Things To Teach Your Tween Foster Child

The 'tween' years are tough for any child. Hormonal transitions and the confusion of Jr High can overwhelm any child- but it can be especially daunting for a kid in foster care. There are a lot of basic skills that many tween kids miss out on learning, because of constant transitions or less-than-great adult role-models. Tune into your inner teacher while a tween is in your home, and teach them a few of these great basic skills that can take them so far in life later on.

How to cook basic meals: Get in the kitchen with your kid and give them the basic tools to be able to feed themselves! Teach them how to read recipes, how to use measuring cups, and how to use an oven, stove top, and microwave to cook many meals. These basic tools aren't often taught to kids who spend a majority of their time in foster care, but are necessary things they need to know in the 'real world'.
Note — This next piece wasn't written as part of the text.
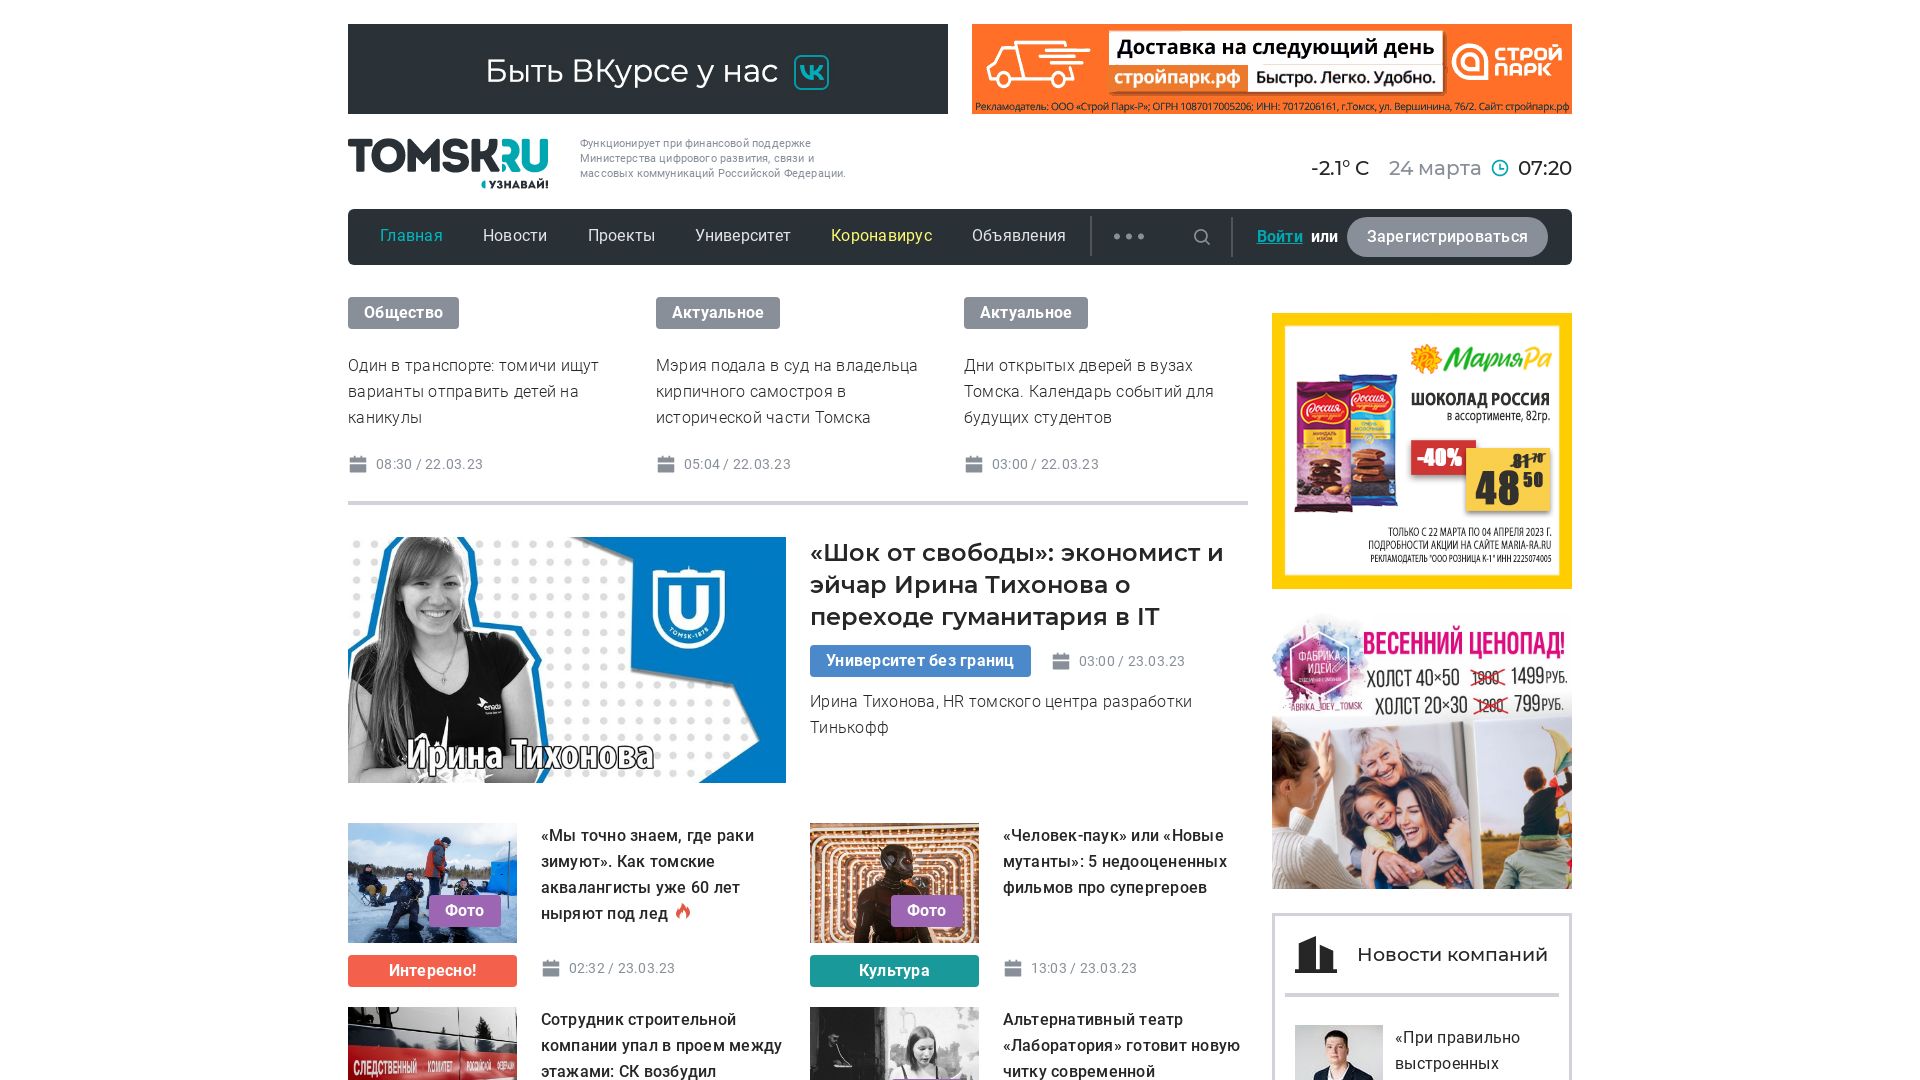 État du site web tomsk.ru est   EN LIGNE

How to save money and spend wisely: A simple penny bank can go so far in teaching your child money saving and spending techniques. Small savings habits can add up over time, and teaching your child to budget their gift money and allowances and save for bigger purchases can give your child the money-skills to be successful later in life.
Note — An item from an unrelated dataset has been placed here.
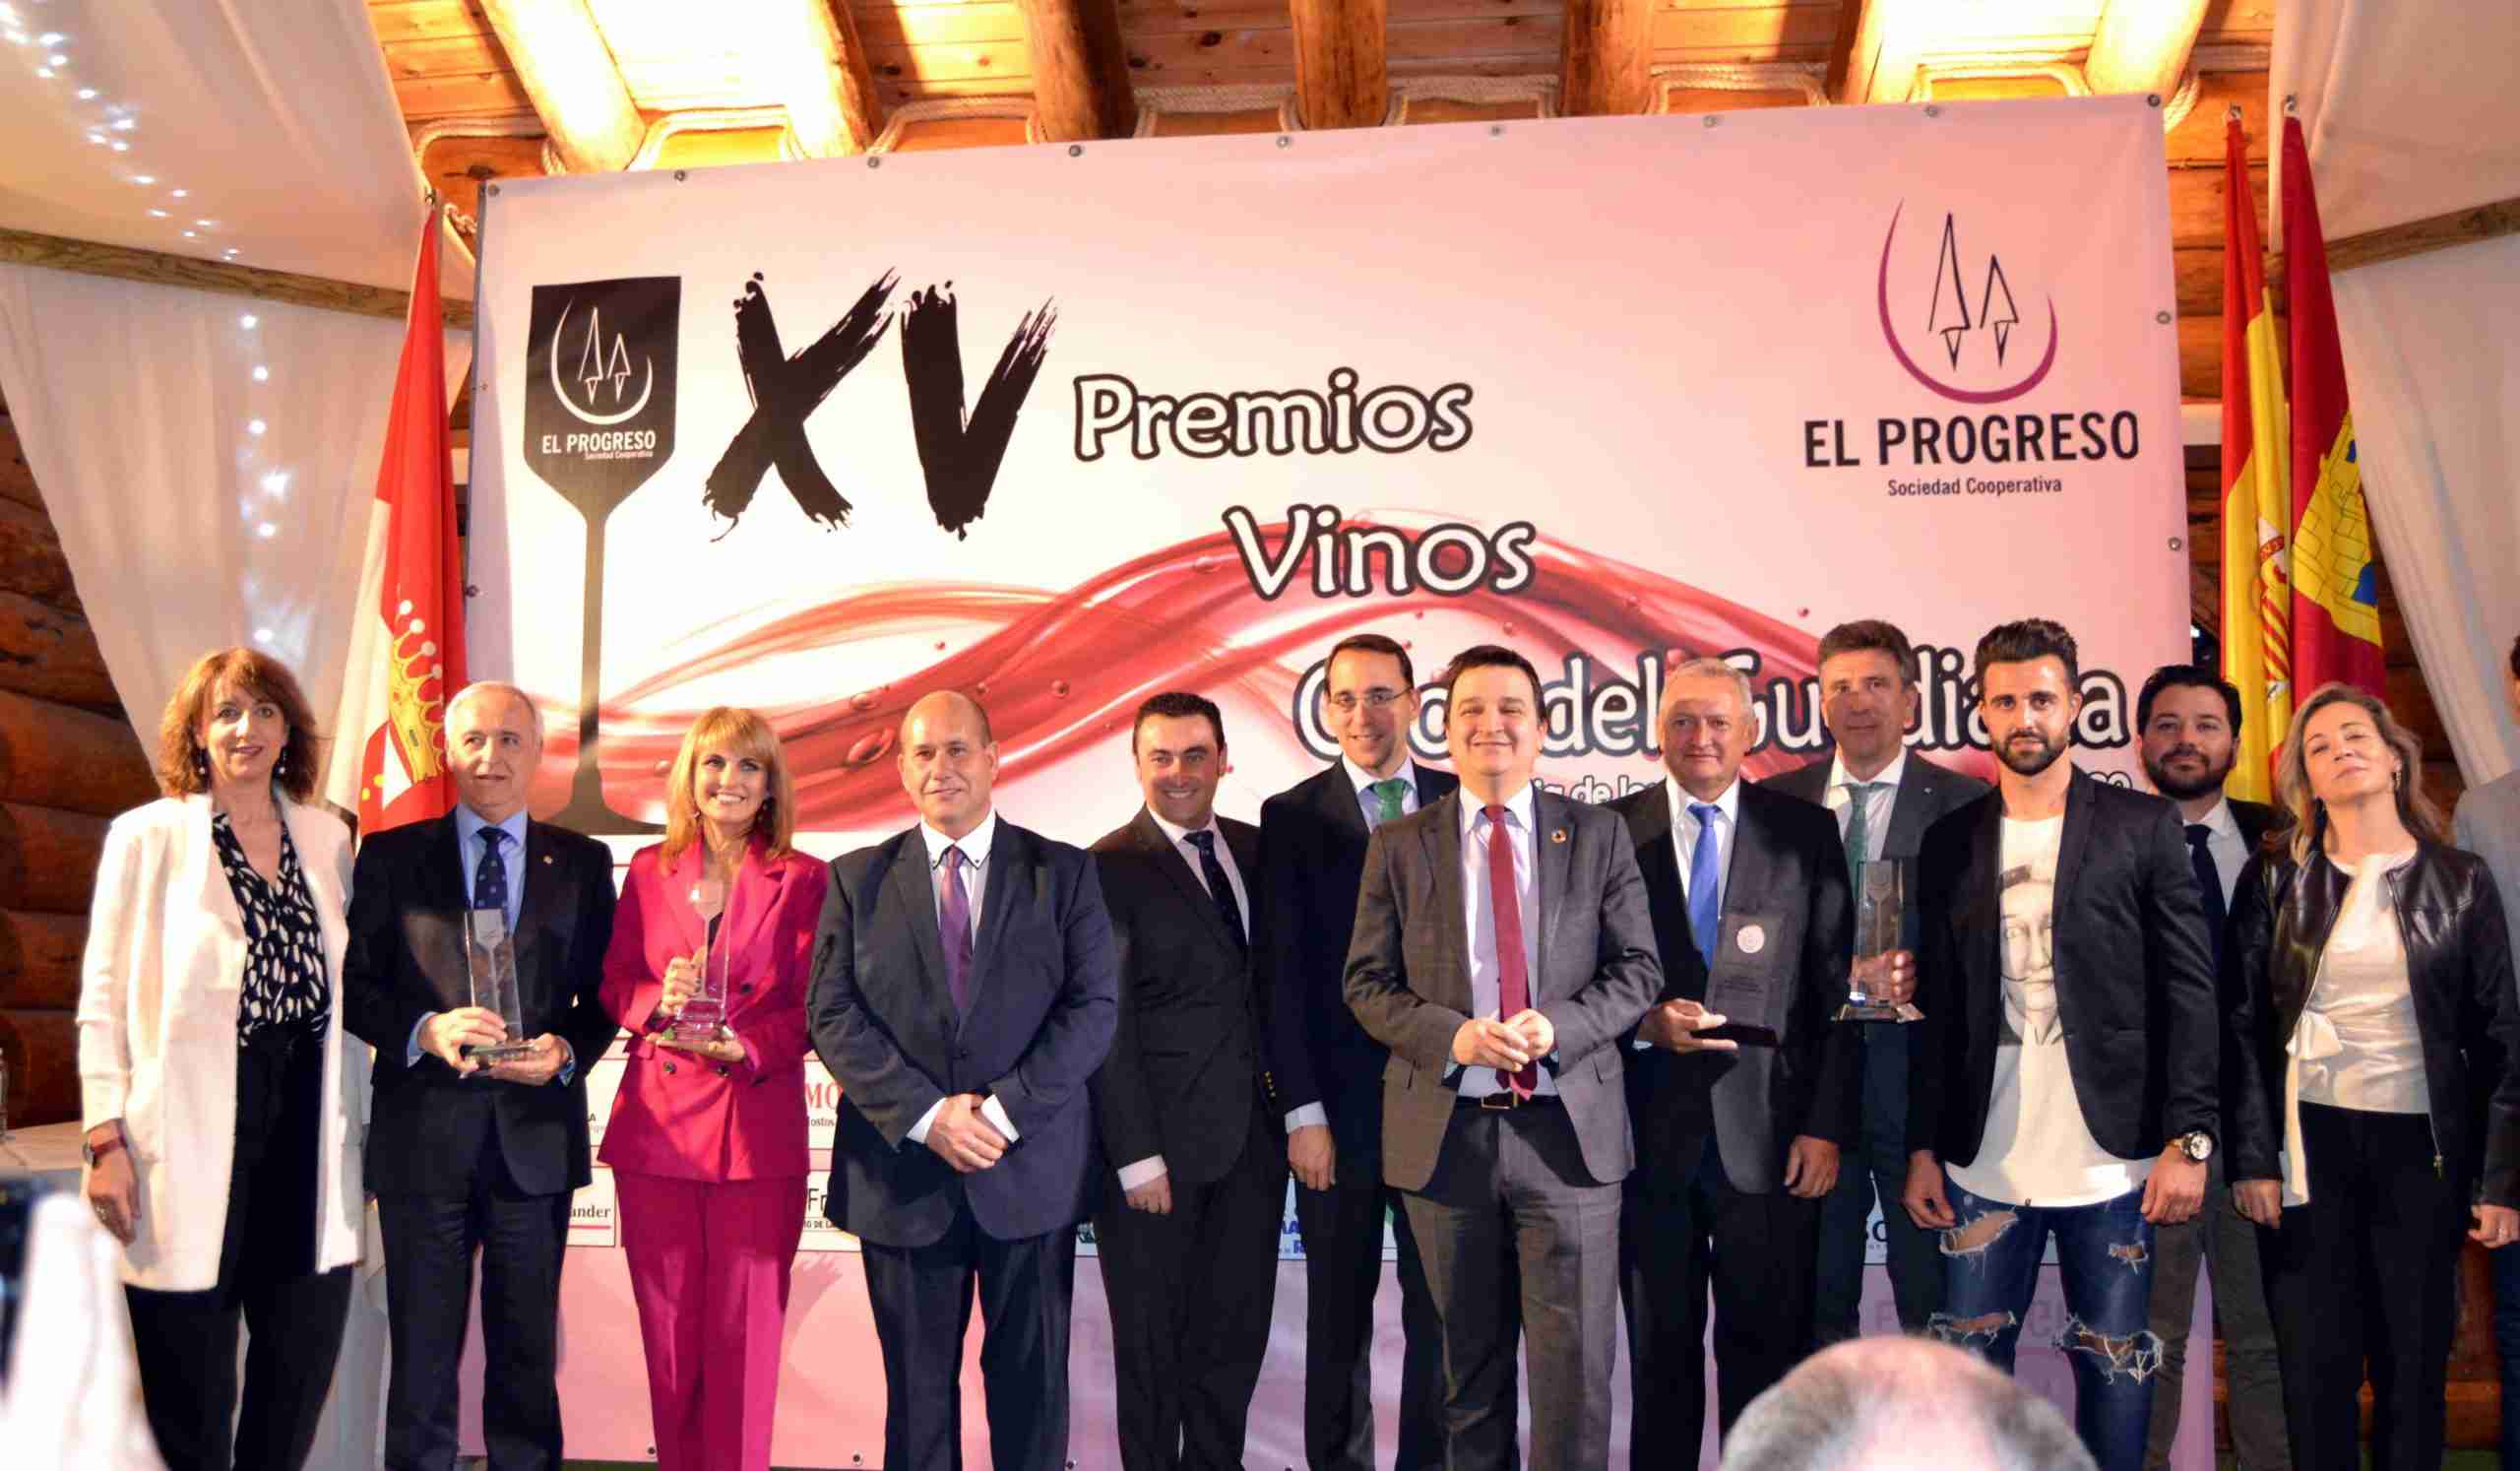 Éxito de los 15 Premios “Vinos Ojos del Guadiana” de El Progreso con la solidaridad, la cultura y el cooperativismo como protagonistas 2

Basic sex ed: I know it's awkward- and it can be a touchy subject with children exposed to sexual harassment in the past. But it is SO important to teach your tween safe-sex practices BEFORE they become active. Be upfront and honest about STDs, the emotional ties that sex can cause, and of course- pregnancy. Kids need to know the basics to protect themselves and the people they are active with later in life. Many tweens in foster care move from school to school and often miss the two-month 'sex ed' course. With the help of therapists and counselors, work to teach kids this course yourself- it can literally change their life later down the road.

How to use a schedule/planner: In Jr. High many schools will start requiring kids to use a planner, and I think this is fantastic. Encouraging your child to use a scheduler or calendar at home, as well, can help create organizational skills and planning skills that can keep them on-the-right-path through all of high school and leading into college.

Responsibility through pet care: I believe between the ages of 10 and 13, is the PRIME time to get kids interested in independent pet care. I'm all about letting my foster kids have pets, and encourage my tweens to pick out a small animal that they- and only they- can be responsible for (of course with my monitoring in the background for the well-being of the animal). Easy-to-care-for reptiles, freshwater fish, small pet rodents, and small birds all go over very well with my tweens. Not only does it give them a much needed emotional animal/human bond, it teaches them how to responsibly care for something!